During the Polish–Ukrainian War, Khyriv was the site of heavy Polish–Ukrainian fighting from late 1918 into early 1919. The war was won by Poland, and until the 1939 Invasion of Poland, Chyrów remained within the territory of the Second Polish Republic. According to the 1921 census, the population of Chyrów was 2,654, 68.2% Polish, 19.0% Ukrainian and 12.7% Jewish. In the interbellum period, Chyrów formed part of Sambor County, in the Lwow Voivodeship.

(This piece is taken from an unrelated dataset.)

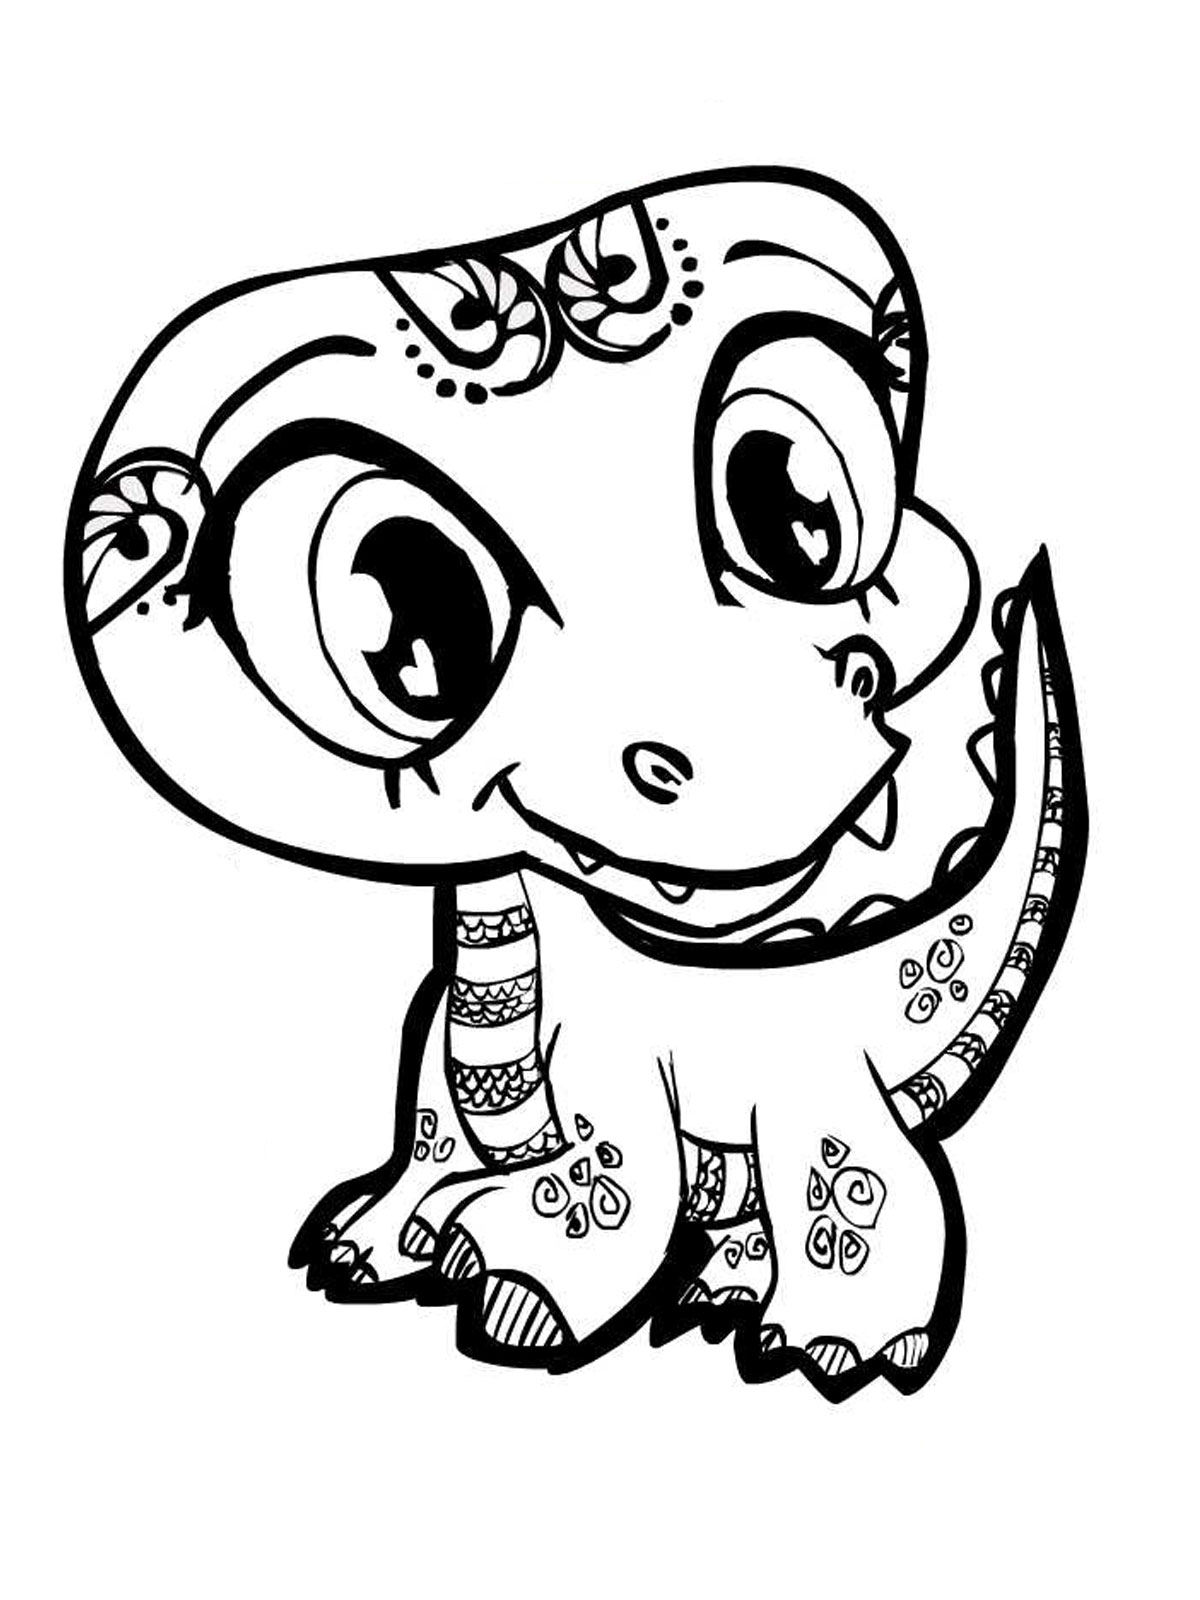 Cute Dinosaur With Big Eyes Coloring Page   Free Printable ...

With the outbreak of the Second World War, the Red Army occupied the entire region in September 1939 until 1941, when it was seized by the German Wehrmacht until 1944, before being re-taken by forces of the Soviet Union. The Germans operated the Stalag 323 prisoner-of-war camp in the town before its relocation to Tarnopol. From 1944, the town and its surroundings was annexed by the USSR. Return of Khyriv to Poland was briefly considered following the 1951 Polish-Soviet Territorial Exchange, but was dismissed following the death of Joseph Stalin. With the dissolution of the Soviet Union in 1991, the town came under the jurisdiction of newly independent Ukraine.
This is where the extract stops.